This diagram [after IPCC, 1990, after Sundquist et al.] illustrates the carbon cycle. It shows the quantities of carbon (in black) in each part of the cycle expressed in gigatonnes (1 Gt = 10¹² kg), with annual changes in italics. The figures in red show the annual gross flux.

It can be seen that the annual gross flux out of the atmosphere is 194 Gt, 102 representing photosynthesis to land plants and 92 Gt being absorbed by the oceans and with a net loss from there to marine biota (algae) of 4 Gt. The important points are the two figures on the left, 5 Gt resulting from the combustion of fossil fuels and 2 Gt coming from the land/biota interface as a result of deforestation. This 7 Gt is the gross result of human activity, causing a net annual carbon loading increase in the atmosphere of 3 Gt. The 4 Gt difference is due to the two sinks, essentially land vegetation and the ocean, increasing their uptakes.

Photosynthetic sequestration

There has been some emphasis that the notion of planting trees will make a significant difference to the carbon loading in the atmosphere. To be able to absorb the excess annual loading of 3 Gt would mean that about 15 Gt of extra trees would need to be grown each year and this would do nothing for the carbon already added as a result of human activity. Some of this would be returned in the short term as a result of rotting leaves. What exactly does this mean? The General Sherman tree in the Sequoia National Park in California is estimated to weigh a little over 6 kt; it would therefore require an extra annual growth equivalent to 2,500,000 such trees, just to sequester the excess carbon dioxide we are adding to the atmosphere each year, and we would have to repeat this feat every year. This is unimaginable. Of course, sequoia trees are not ideal for this, and smaller fast-growing species, such as willows, pines, hazel etc. would be more suitable. These would require vast quantities of water, which is a precious commodity in many places, and nutrients, some of which are derived from fossil fuels sources.

Let us imagine that, by some means, we are able to plant millions of new trees, obviously quick-growing, in sufficient quantity to make a significant photosynthetic absorption. What will happen? Two scenarios are possible: either man culls the new trees when they have reached the end of their main growth period (say, after 20 or 30 years) or nature takes its course. Such trees are unlikely to be a suitable source of timber. The main usefulness would be as fuel for renewable energy generation. So, they are burnt. All the sequestered carbon is therefore returned to the atmosphere and we are back where we started. The same applies if they are used for cheap paper production (newsprint): sooner or later, the carbon will be released back to the atmosphere, no matter how many times it is recycled. If we let nature take its course, the trees will die and rot or be burnt in forest fires. Either way, the sequestered carbon will be returned to the atmosphere.

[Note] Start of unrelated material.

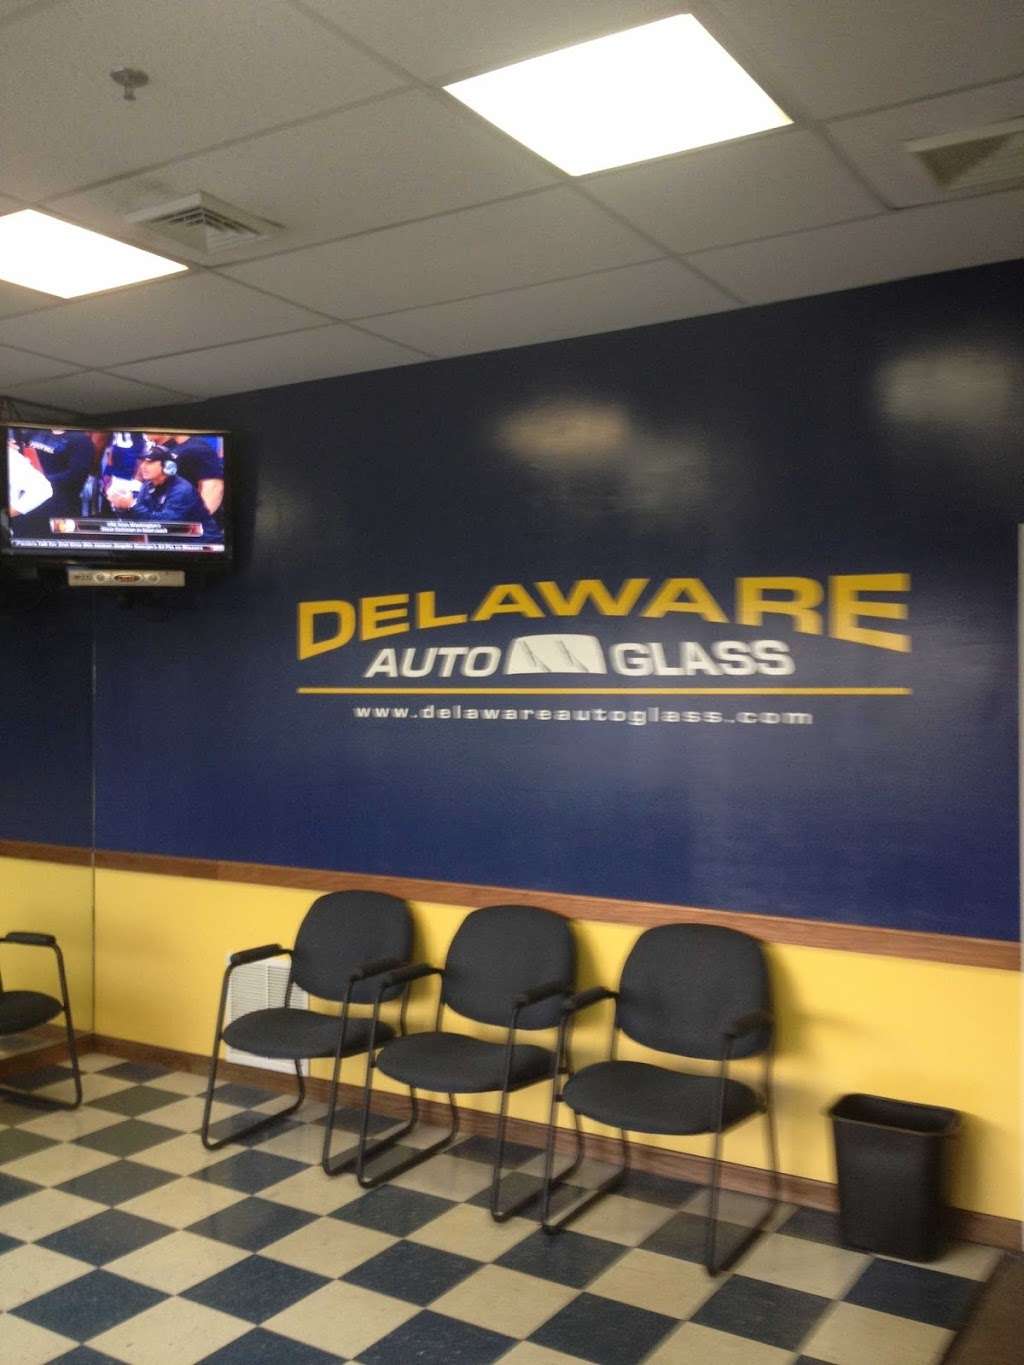 Delaware Auto Glass | 810 Pencader Dr, Newark, DE 19702 | Phone: (302) 709-2300

Such sequestration, at the best, can be only a very temporary palliative and can never represent a permanent solution to the excess carbon dioxide in the atmosphere.

Chemical sequestration

This involves capturing the carbon dioxide from the air by means of a chemical reaction. The most feasible reaction would be to use calcium oxide ( quicklime) or calcium hydroxide ( slaked lime). The reactions would be

            CaO + CO₂ > CaCO₃

            Ca(OH)₂ + CO₂ > CaCO₃ + H₂O

In both cases, the carbon dioxide is captured to form calcium carbonate, which is the main constituent of limestone, chalk, marble and some other minerals. The idea of the proponents of this method is to dump the calcium carbonate down disused coal mines or to fill in open cast mining holes. The only problems are that lime is formed by subjecting limestone to heat in a kiln, thereby releasing as much carbon dioxide as it can subsequently sequester and that to react 3 Gt of carbon dioxide will produce 25 Gt of calcium carbonate, a volume of over 10 billion m3. To visualise this, imagine a column of solid calcium carbonate with a base of 1 km x 1 km. It would stretch upwards nearly to the stratosphere, 10,000 metres high! And that, every year.

Physical sequestration

This is a more recent concept of pumping carbon dioxide into deep submarine aquifers. At 800 to 1,000 metres depth, the pressure is such that the uptake of carbon dioxide by dissolution in water (including sea water) can be considerable, making a kind of "super soda water". The cost of separating flue gases, pumping them to very high pressures down a deep submarine borehole to a reservoir which will become saturated, is very high. Once saturated, an aquifer would become useless for further sequestration. Some boreholes may be able to absorb as much as a megatonne over a few years, but this is too small to make any real significant improvement to the global man-made emissions. 

There is one unknown in this technique: would the gas remain in solution for long periods? Some would almost certainly slowly percolate back to the surface to be re-emitted, but the time and quantity scales have yet to be determined because the mechanisms to cause the gas to be released are not yet fully understood. Rises in geothermal temperatures and tectonic shocks are two factors that may be implicated in the gas coming out of solution.

On the plus side, this technique may be used in near-depleted oilfields to force residual hydrocarbons towards neighbouring boreholes. This would help amortise the high costs, especially if oil prices rise further (about $55/bbl at the time of writing).

This technique, which is still experimental, could be used as an addition to large fossil fuel-burning power stations but would be useless for transport and domestic heating applications. The other two techniques of sequestration could be used to actually remove carbon dioxide from the atmosphere, if only they were practicable!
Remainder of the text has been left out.